# Basenji puppies now 10 days old



## basi (Nov 9, 2007)

Can't believe they are 10 days old already


----------



## dexter (Nov 29, 2008)

awwwwww they look like sable rough collie pups.


----------



## Jess2308 (May 12, 2009)

Wow, they have got huge! Lovely, healthy pups and look at Belle, very proud mum


----------



## dexter (Nov 29, 2008)

they look fat and contented lol......


----------



## basi (Nov 9, 2007)

They have very healthy appetites that's for sure lol


----------



## momentofmadness (Jul 19, 2008)

Lovely babies and lovely colour..


----------



## dexter (Nov 29, 2008)

basi said:


> They have very healthy appetites that's for sure lol


whats the average weight when they are born?


----------



## basi (Nov 9, 2007)

dexter said:


> whats the average weight when they are born?

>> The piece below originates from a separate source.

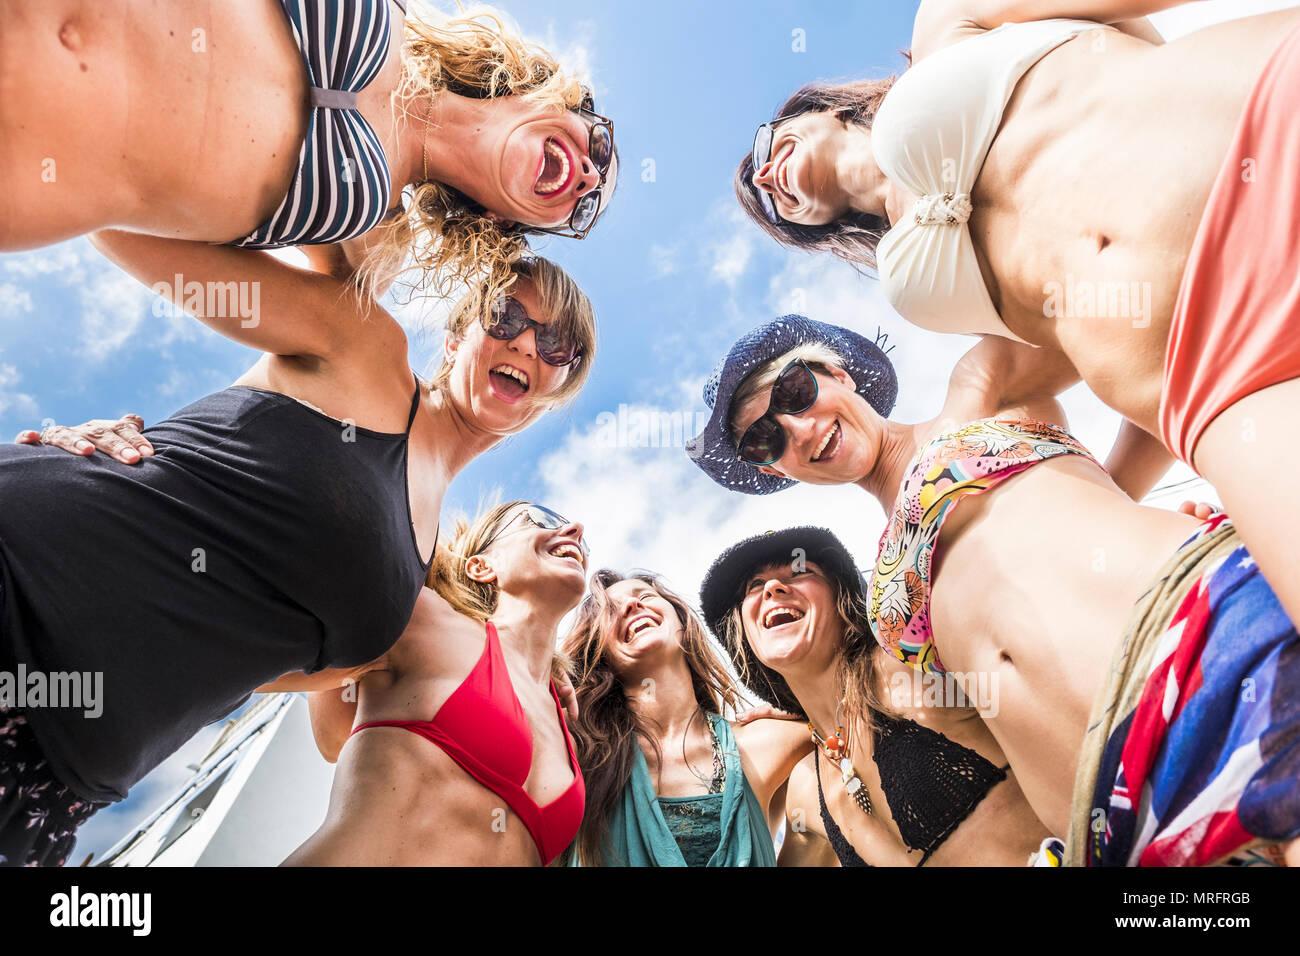 Beau portrait de sept femmes femmes caucasian du bas point de vue dans le milieu du groupe. les gens heureux de s'amuser ensemble dans les relations Photo Stock

With this litter I had 3 that weighed 230g and 1 weighing 220g. Now they are all between 490-510g.


----------



## dexter (Nov 29, 2008)

porkies. i can almost smell , and hear them breathing from your photos lol


----------



## Starlite (Sep 9, 2009)

They all look so content, i wanna snuggle in lol!


----------



## Colette (Jan 2, 2010)

Wow they are beautiful - I love their little ears!! :thumbup:


----------



## Rache (Jul 24, 2010)

Beautiful puppies. 

CONGRATS x


----------



## Poppy09 (Feb 22, 2009)

Oh my goodness!! I love these dogs - the pups look sooo sweet and Mum is gorgeous too!!


----------



## Ducky (Nov 23, 2008)

:001_wub::001_wub::001_wub::001_wub:


----------



## kaz_f (Mar 8, 2009)

OMG they're beautiful! Really want one!


----------